ICER Turns Up the Heat With Dual Assessments: Final Verdict on Cytisinicline, Fresh Scrutiny for IgA Nephropathy Therapies
The Institute for Clinical and Economic Review (ICER) has released two significant updates this week, expanding its assessment activities across smoking cessation and rare kidney disease as both review tracks enter critical next-step phases. The announcements issued on consecutive days signal the organization’s intensifying focus on therapies addressing long-standing clinical gaps and pressing public-health challenges.
Cytisinicline Gains Momentum as ICER Publishes Final Evidence Report on Smoking-Cessation
ICER has published its revised Evidence Report on cytisinicline, a therapy from Achieve Life Sciences designed to support smoking cessation. The report evaluates the drug’s comparative clinical effectiveness and economic value, with varenicline serving as the primary comparator.
According to the findings, cytisinicline, known in Eastern Europe as cytisine, delivers similar quit-rate effectiveness with significantly fewer gastrointestinal side effects than varenicline. ICER’s Chief Medical Officer, David Rind, MD, noted the significance of having an alternative therapy with a more tolerable safety profile, especially for patients who have historically struggled with nausea and vomiting associated with varenicline. “Smoking cigarettes is the number one cause of preventable deaths in the US,” Rind said, adding that any new therapeutic option with strong safety and adherence potential carries substantial public-health value.

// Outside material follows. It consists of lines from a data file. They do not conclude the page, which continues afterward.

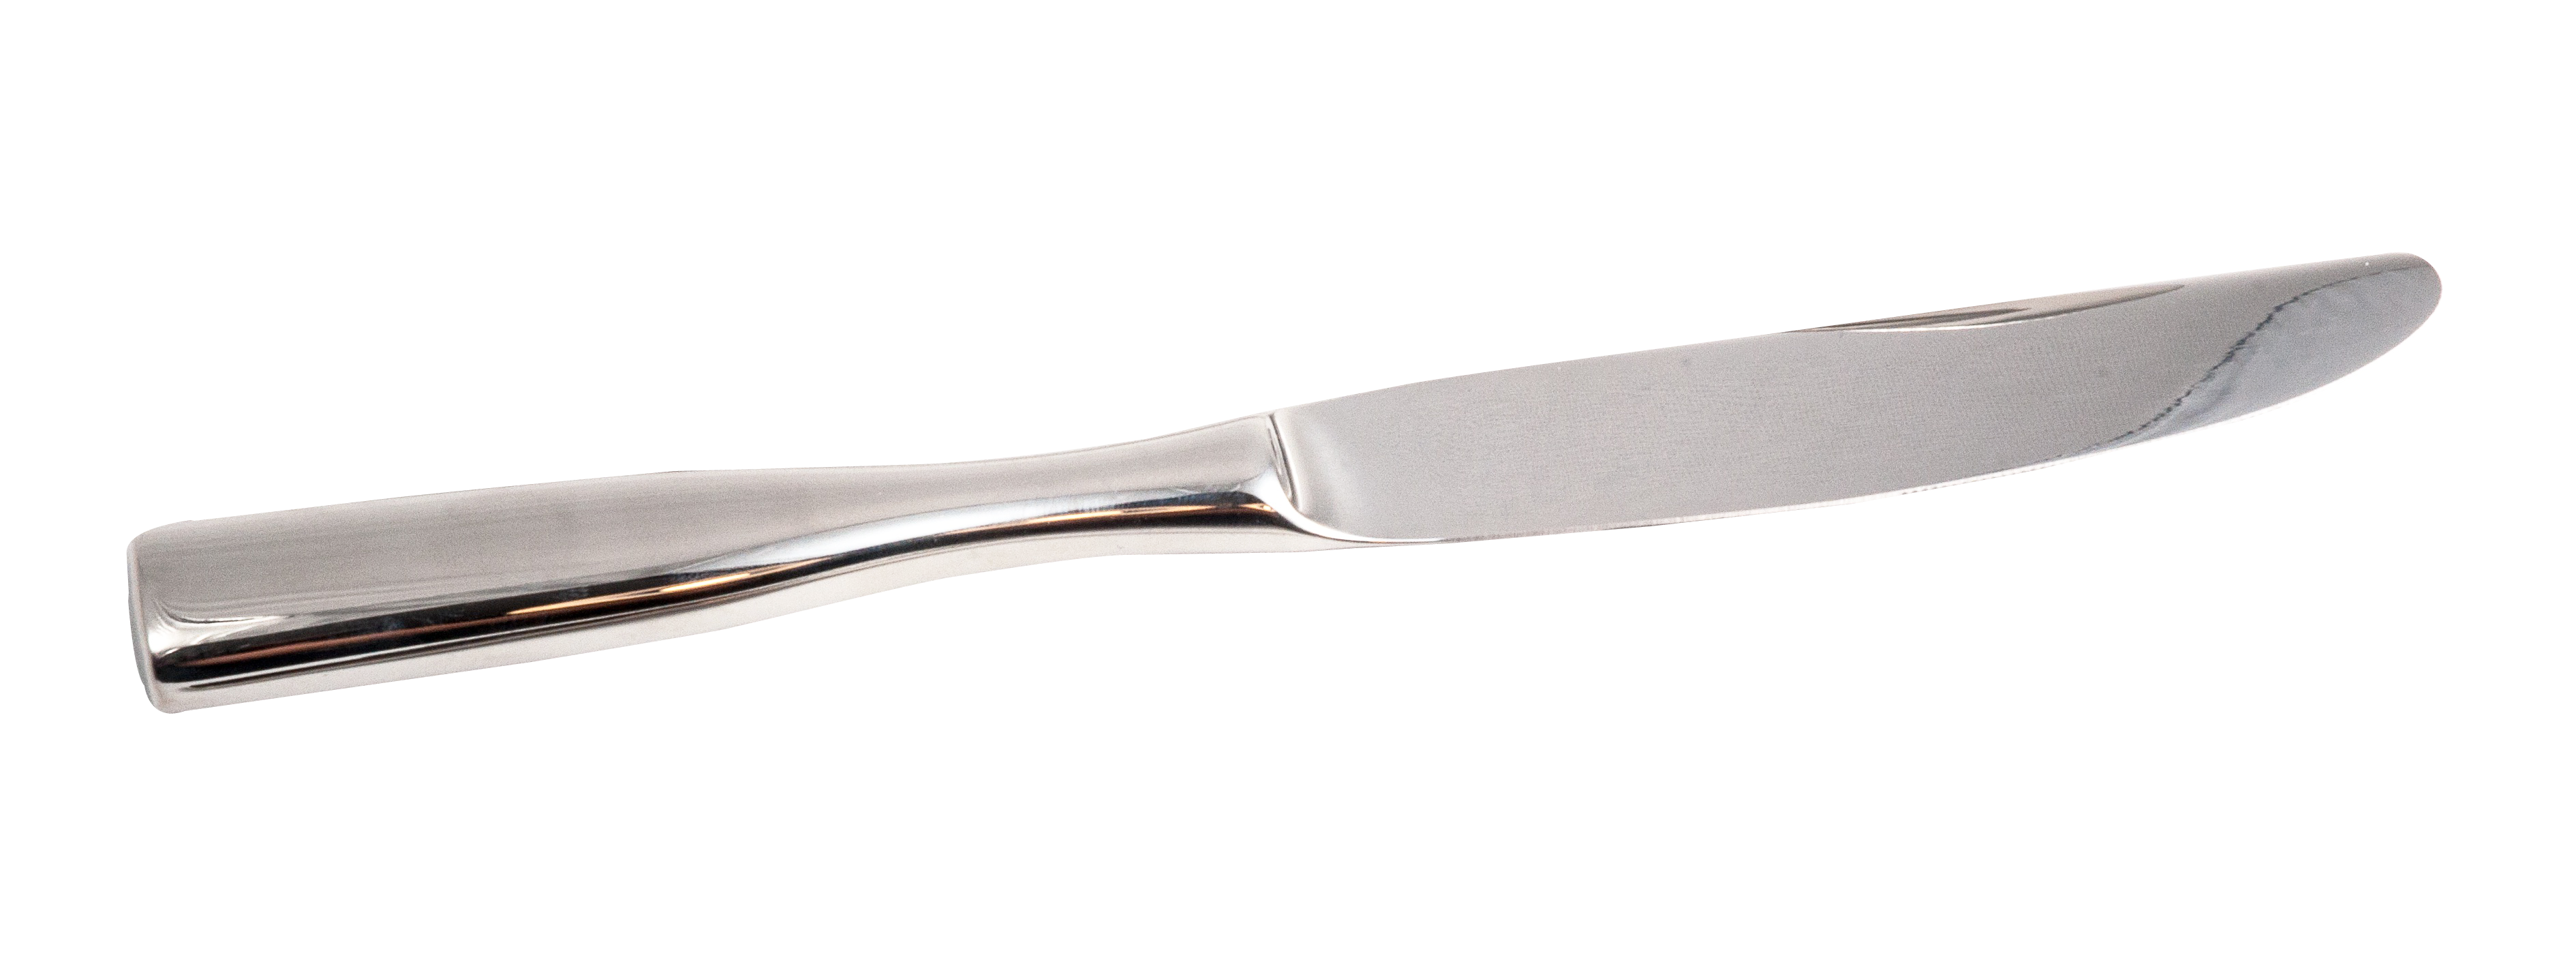 knife clipart dinner knife
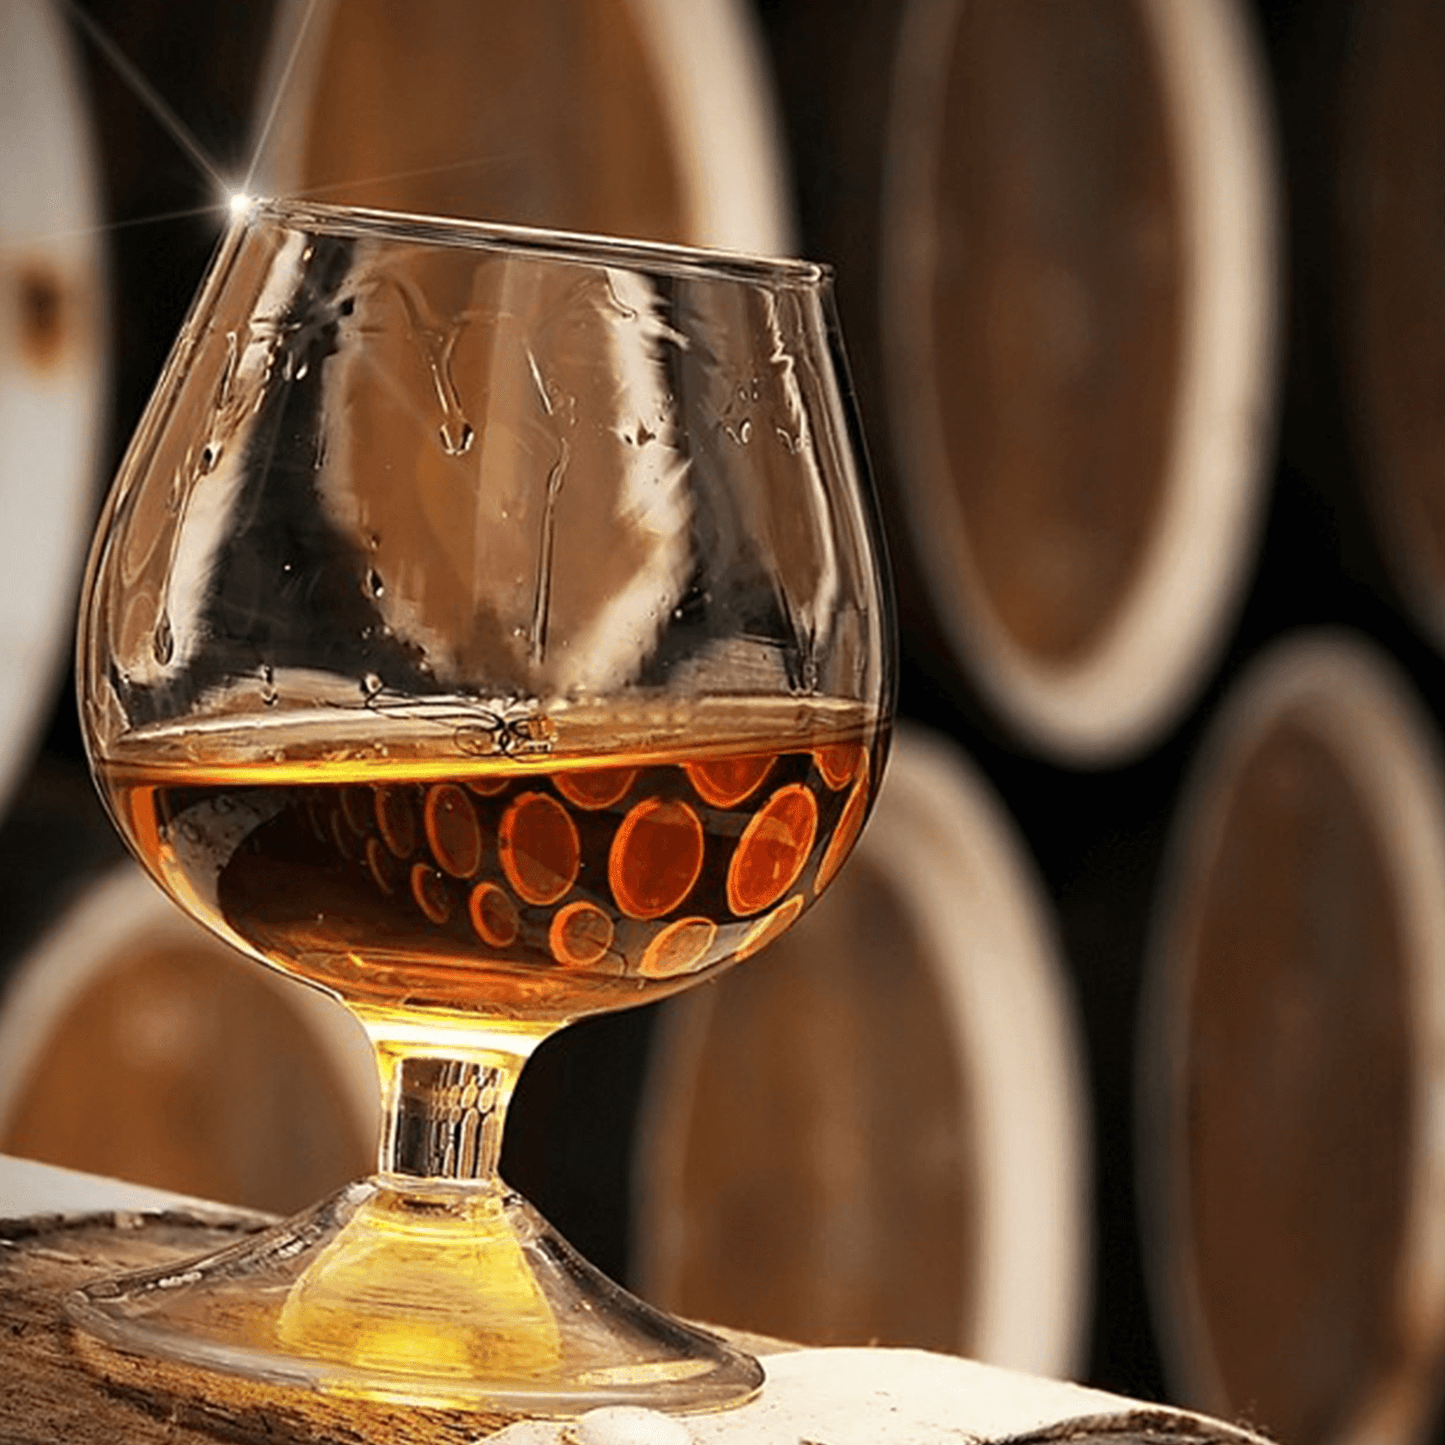 Louis Santo Premium Rum aus der Karibik | 18 Jahre Bourbon Cask
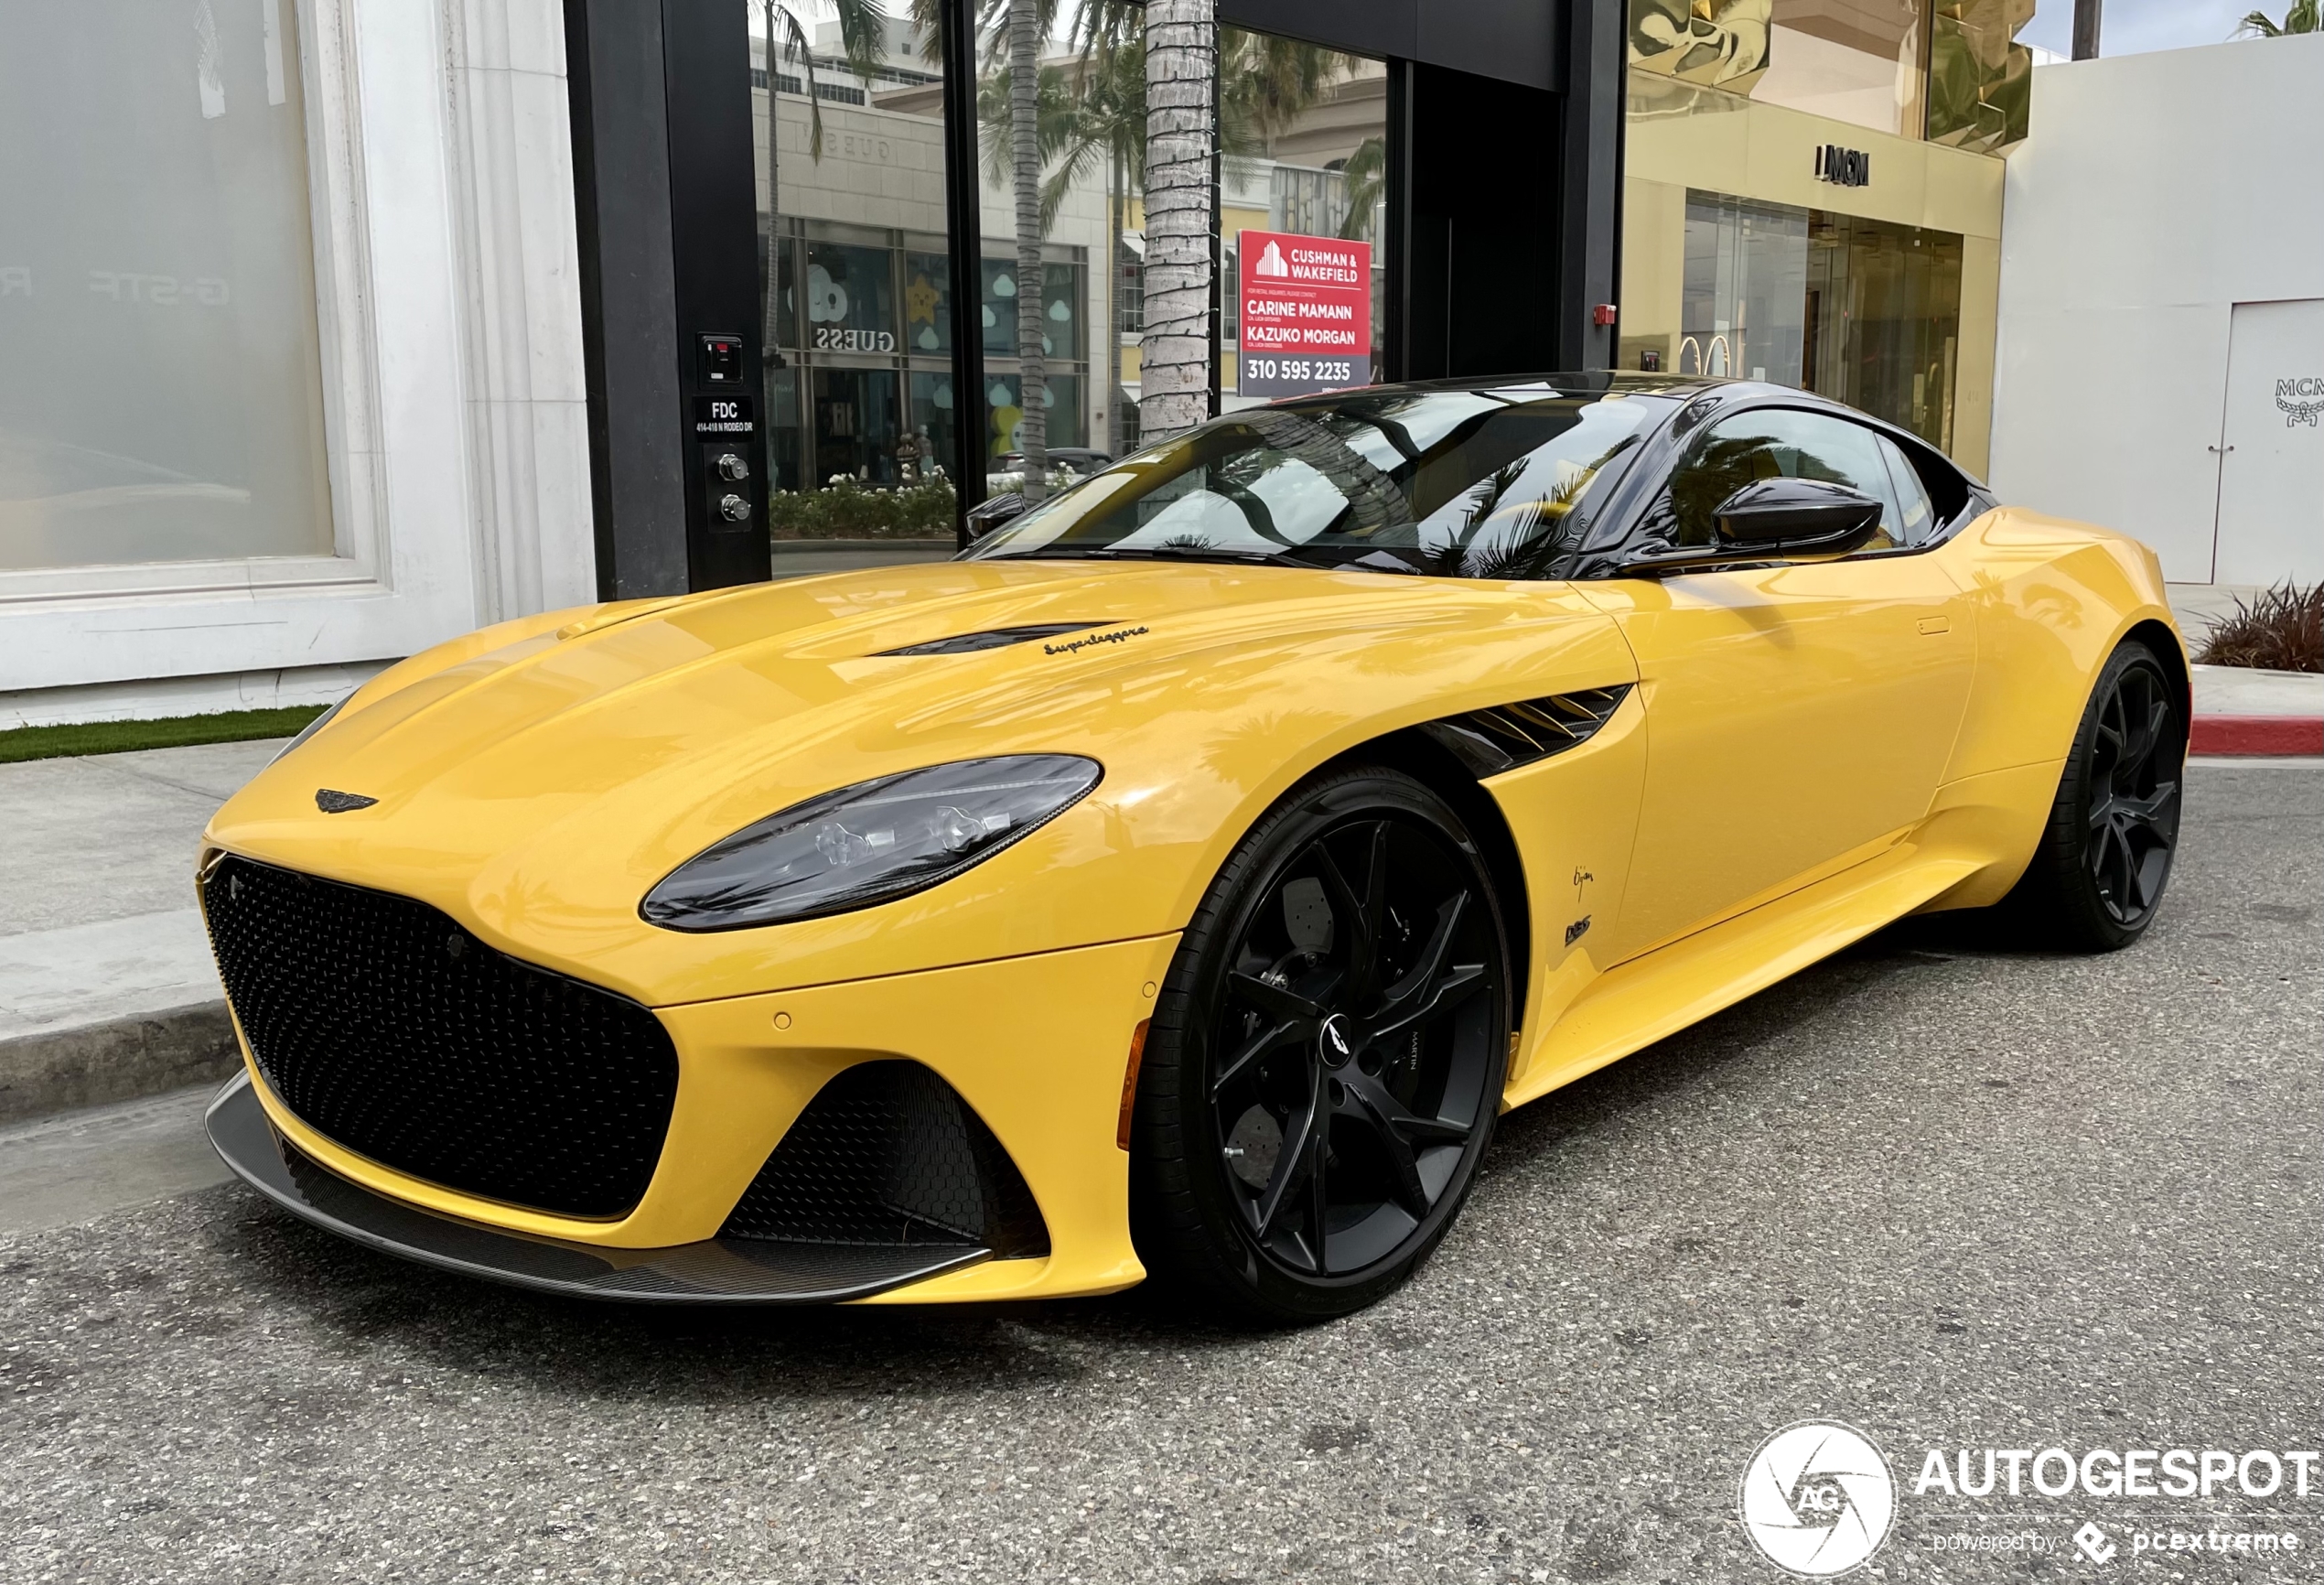 Aston Martin laat zien dat een geel met zwarte combinatie nog altijd top is

ICER’s clinical review extended beyond traditional head-to-head comparisons. The organization examined cytisinicline’s performance against behavioral interventions alone, finding that the therapy provided superior net health benefits. It also showed outcomes comparable, or in some cases directionally better, to combination nicotine replacement therapy.
The final report incorporates revisions based on a month-long public comment period that drew input from patient advocates, clinicians, drug manufacturers, and researchers. ICER has also published updated voting questions, reflecting the refinements made in response to stakeholder feedback.
On the economic side, ICER set a Health Benefit Price Benchmark (HBPB) for cytisinicline between $1,700 and $2,400 for a 12-week course. The organization noted that a slightly higher benchmark may be justified for patients who cannot tolerate varenicline’s side effects, reflecting the therapy’s differentiated safety profile.
The cytisinicline review will advance to a public meeting of the Midwest CEPAC on January 15, 2026, where an independent advisory council will vote on key value questions. The virtual meeting is open to the public via webcast registration.
ICER Issues Draft Evidence Report on IgA Nephropathy Therapies as Public Comment Opens
On Wednesday, ICER released its Draft Evidence Report addressing a different area of unmet need, IgA nephropathy (IgAN), a chronic autoimmune kidney disease with limited therapeutic options and high progression risk.
The draft evaluates three therapies:
• sibeprenlimab (Voyxact®, Otsuka)
• atacicept (Vera Therapeutics)
• delayed-release budesonide (Tarpeyo®, Calliditas)
Each treatment targets abnormal immunoglobulin A complexes, long understood as a fundamental driver of IgAN’s pathophysiology. The draft report marks the midpoint of ICER’s eight-month review cycle and should not be interpreted as the organization’s final position.
As part of its Early Insights Webinar Series, Rind will present initial findings on December 17 during a session open exclusively to ICER Analytics platform users. Registration for the webinar is active.
ICER has opened the public comment period, inviting stakeholders to submit written feedback in Word format to publiccomments@icer.org by January 14, 2026, at 5 PM ET. Comments may address clinical data, economic modeling, unmet-need considerations, or patient-centered perspectives.
Following the review of all submissions, ICER will release a Revised Evidence Report and updated voting questions on February 9, 2026, alongside its formal response to all public comments.
The review will culminate in a California Technology Assessment Forum (CTAF) virtual meeting on February 26, 2026, during which the independent council will vote on the therapies’ comparative clinical value and cost-effectiveness. Stakeholders may also request slots for oral comments during the meeting, with the same January 14 deadline as written submissions.
A Busy Start to 2026 for ICER and Stakeholders
Taken together, the two updates reflect ICER’s increasing evaluation activity heading into 2026. One review addresses a high-prevalence behavioral-health challenge, smoking, while the other focuses on a rare, clinically complex kidney disease. Both introduce opportunities for stakeholders to shape final outputs through public comment and advisory council testimony.
With multiple meetings already scheduled for early 2026, ICER’s assessments are set to influence payer conversations, price-benchmark expectations, and the broader evidence environment for both cytisinicline and emerging IgAN therapies.